[Data records]
=-=-=-=-=

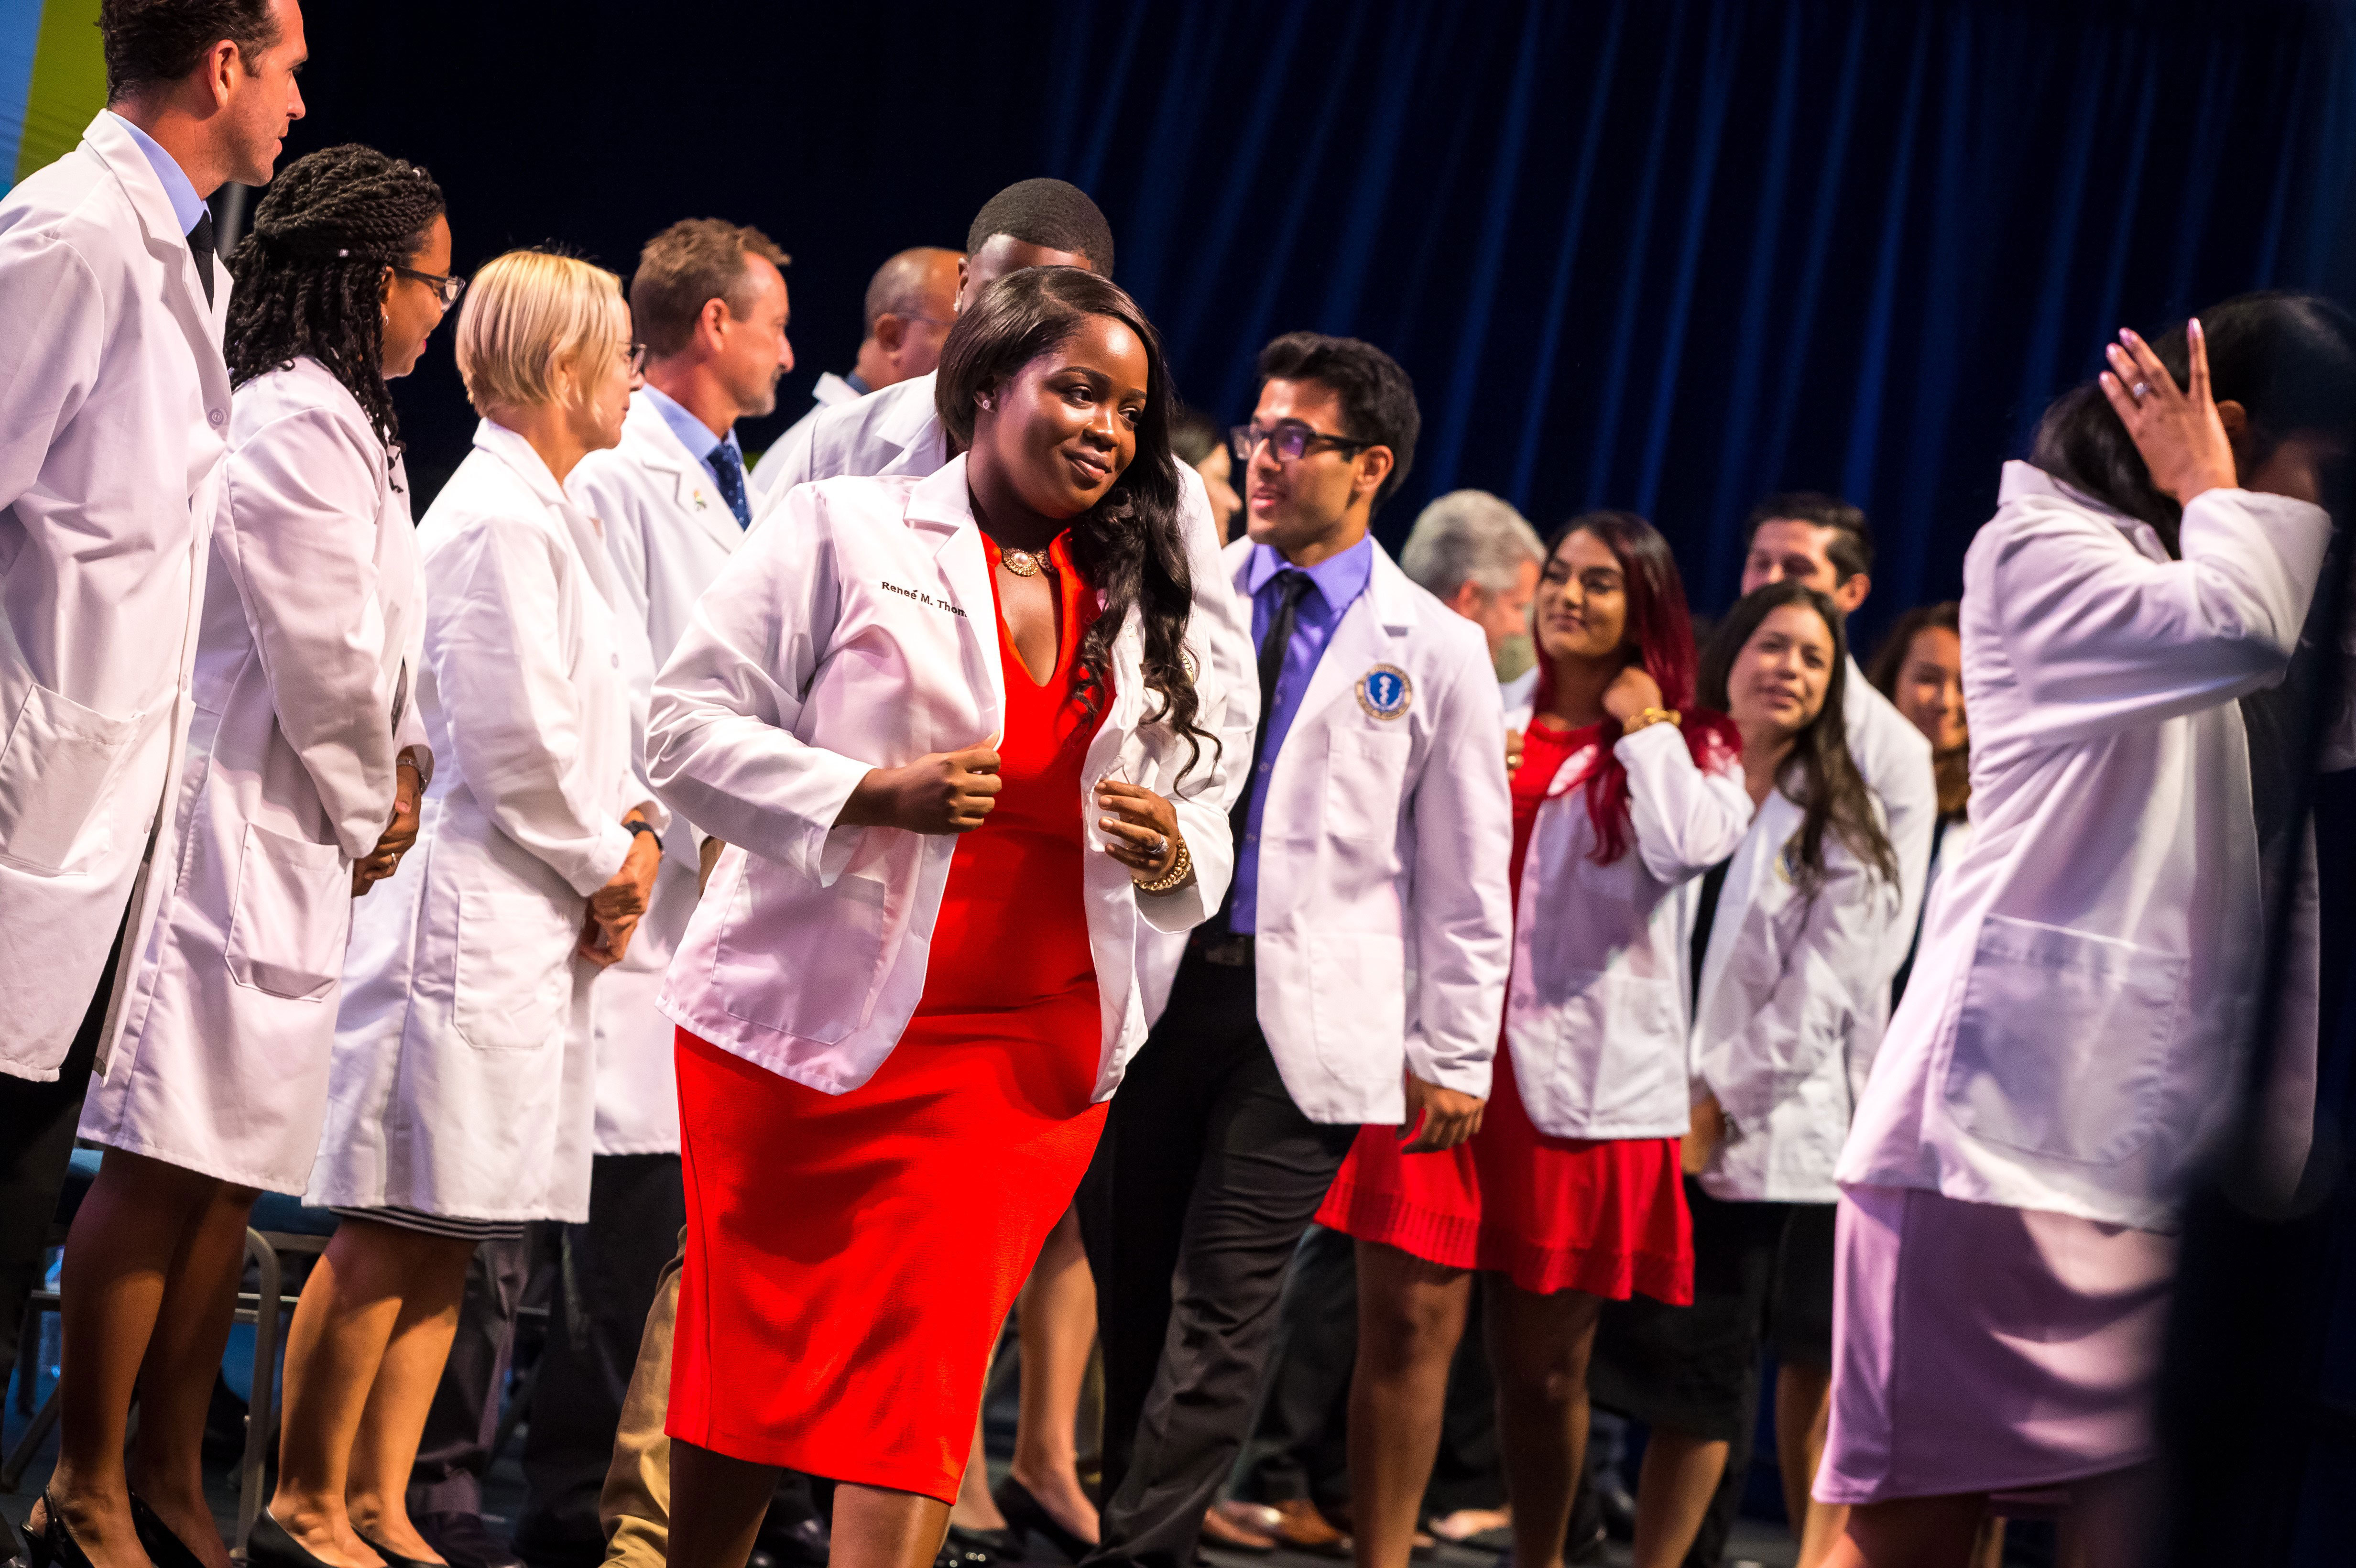 ADDING MULTIMEDIA Ross University School of Medicine Welcomes New Class  with White Coat Ceremony | Business Wire
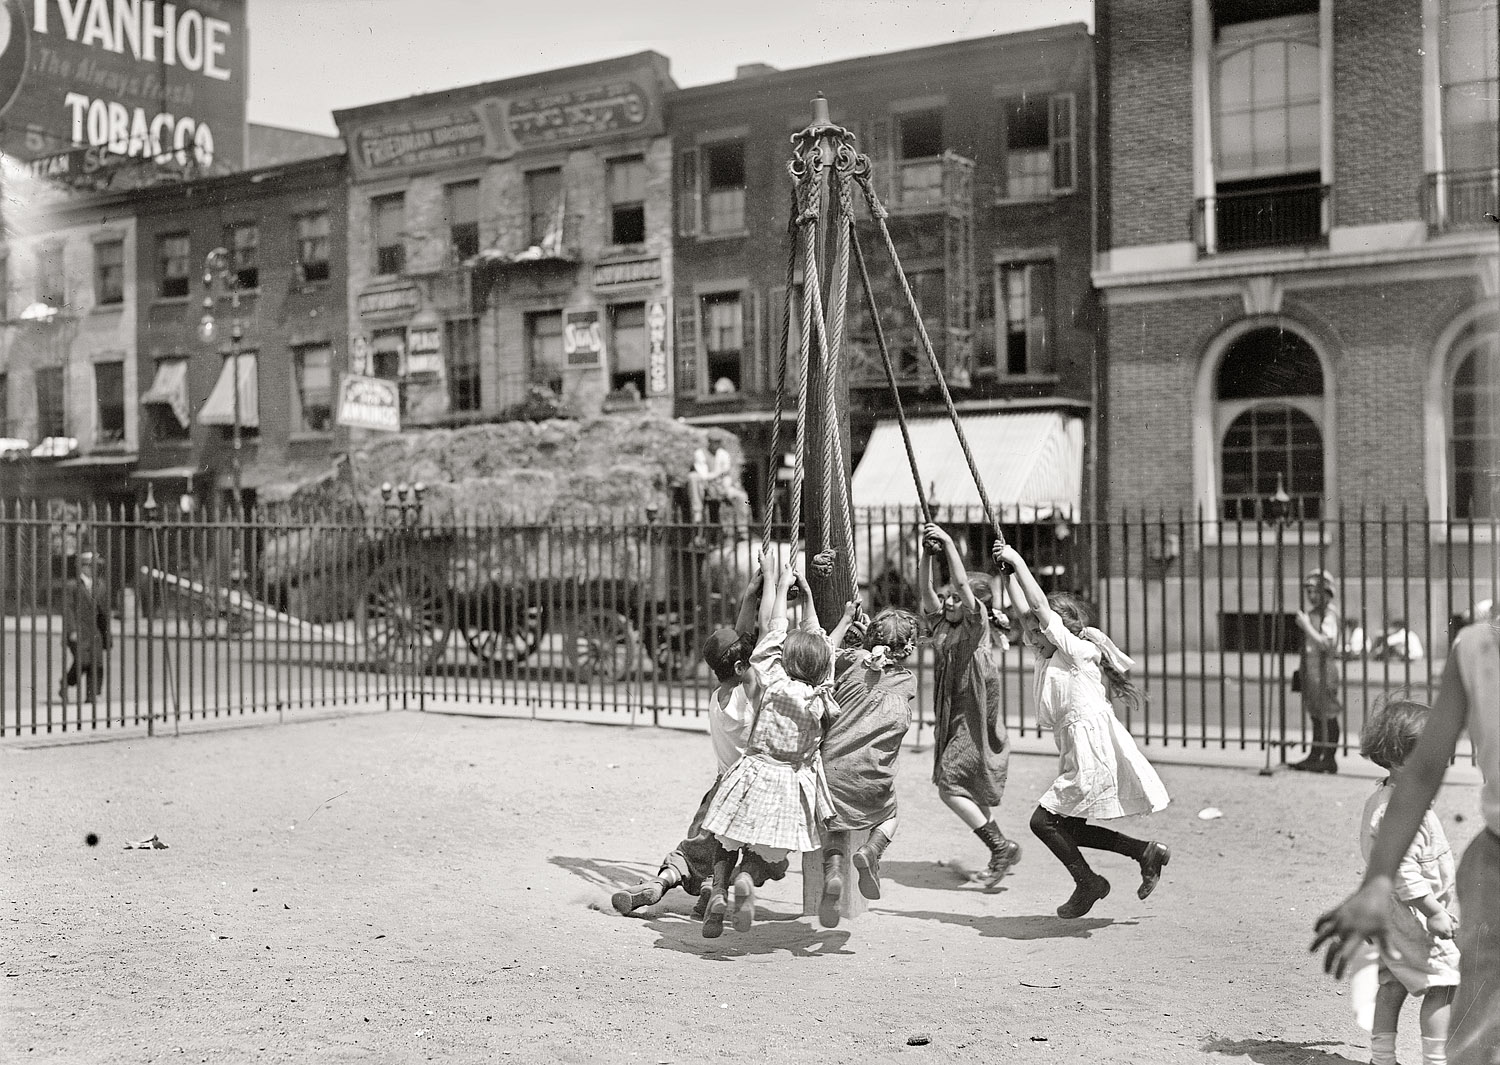 "N.Y. playground." Human tetherballs frolicking in East Side Manhattan circa 1910. 5x7 glass negative, George Grantham Bain Collection. View full size.
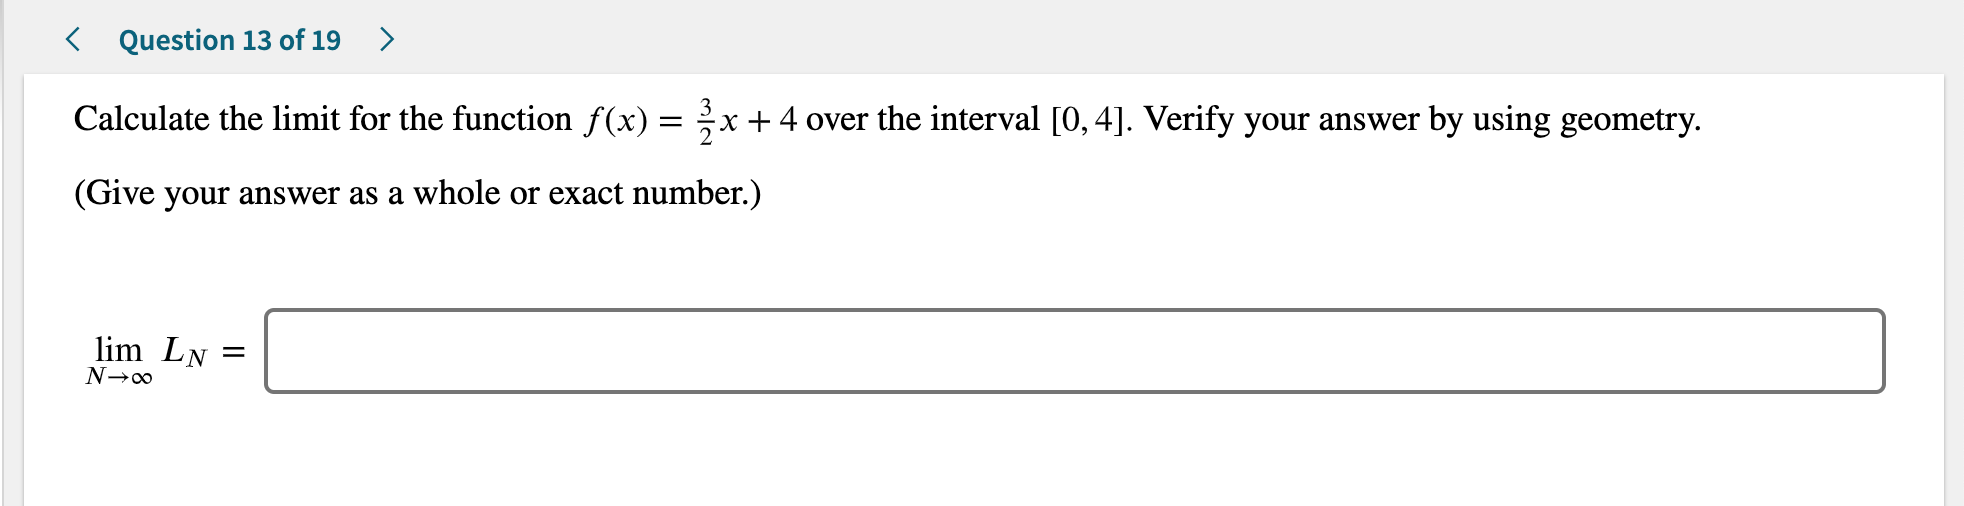 < Question 13 of 19>
Calculate the limit for the function f(x) =
x + 4 over the interval [0, 4]. Verify your answer by using geometry
11
(Give your answer as a whole or exact number.)
lim LN
N--o0

=-=-=-=-=

#### Requirement
How many of the lines in the data above carry the word "answer"? Say the number and nothing else.

#### Response area
2